I felt so extremely helpless (kinda wish I would have had my really good cattle dog out to try to stop it), stupid even, for just letting them together in a big field.

We may get some lambs out of him! He was only with one of my ewes.  I'm praying for girls!  I was actually going to put him in with two younger ewes that needed bred (daughters of the ram that's alive) in a week or so, now I guess I'll have to sell them both or buy a ram for a little then sell him.

Here is a picture of Winchester (the one who didn't make it) just a few days ago, he was such a big pretty boy! Don't you wonna kiss those lips?!


----------



## BrownSheep (Apr 11, 2012)

I'm so sorry. We've been lucky and our big guy and little guy get along a-okay. I'm thinking pink for your lambies


----------



## terrilhb (Apr 11, 2012)

I am so sorry.


----------



## rmbgky (Apr 11, 2012)

This brings up the question of how to dispose of larger animals when they die or you cull them.


----------



## SheepGirl (Apr 11, 2012)

rmbgky said:
			
		

> This brings up the question of how to dispose of larger animals when they die or you cull them.


When I took my pre-vet large animal class, my ag teacher told me that (in our area, at least) it's illegal to bury anything over 100 lbs. We compost our sheep, though.


----------



## neener92 (Apr 11, 2012)

We live on a very large farm, about 1,500 acres. We bury our cattle and sheep whenever we can, other times we take them to our "bone grave yard" way back in the woods and lay them to rest.


----------



## Cornish Heritage (Apr 16, 2012)

Composting is a great way to go. We also will set a big bonfire here when needed.

Sorry you lost your ram.

Liz


----------



## neener92 (Apr 18, 2012)

We have Winchester lambies! A ewe and a ram! Winifred and Chester, I think that is appropriate!


----------



## Cornish Heritage (Apr 18, 2012)

Congratulations! 

Liz


----------



## Remuda1 (Apr 19, 2012)

awesome! We gotta have Pics!


----------



## neener92 (May 4, 2012)

Here they are....
Ram lamb, he looks so much like his daddy! For some reason he isn't doing well.....just my luck! 






Ewe lamb.


----------



## terrilhb (May 4, 2012)

Oh no. He is gorgeous.
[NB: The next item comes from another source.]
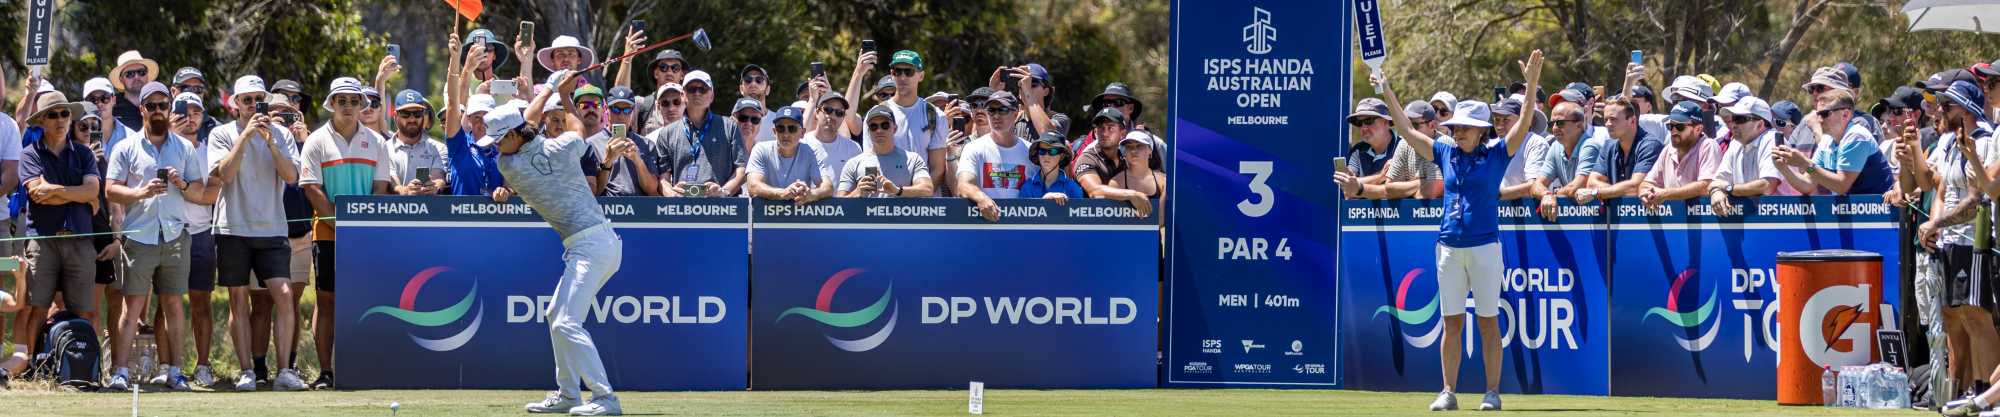 2022 Australian Open_DP World Tour_banner

I hope he starts to feel better.


----------



## Cornish Heritage (May 4, 2012)

> Ram lamb, he looks so much like his daddy! For some reason he isn't doing well.....just my luck! sad


Oh they are adorable! It is VERY frustrating when a line you really need to replace just doesn't do well. We have a boar here that we are desperately trying to get a son out of but the girls survive & the boys die! Hope your ram does not quit on you but starts to thrive. 

Liz


----------



## neener92 (May 14, 2012)

The ram lamb seems to be doing better! YAY!


----------



## Cornish Heritage (May 16, 2012)

Wonderful!

Liz


----------



## Southdown (May 16, 2012)

My Leroy just died last week.  We weren't sure if the other ram killed him or not.  We thought he might have choked because he died within a 20 minute time frame.  There weren't any signs of fighting, but then again, maybe there wouldn't be any physical signs.  Ours had been penned together for a while prior.  But I can relate because the ram that did die was the calm and friendly one.  Why do the good die young?  Of course, my big, fat older ram is alive and well.  He'll probably live forever.  Yes, the good die young and the favorites seem to go first.  I am sorry for your loss too!

Someone asked about bodies?  We got our skid loader and dug a big hole in the yard with the bucket.  Then he had to cover it back up.  Leroy is next to a new apple tree and I dedicated the tree in his honor.  Sounds cheesy, but I like my animals.  We will have to re-seed the grass.  It was very difficult emotionally to have put him in the dirt.  My husband wouldn't drive over it because it bothered him.


----------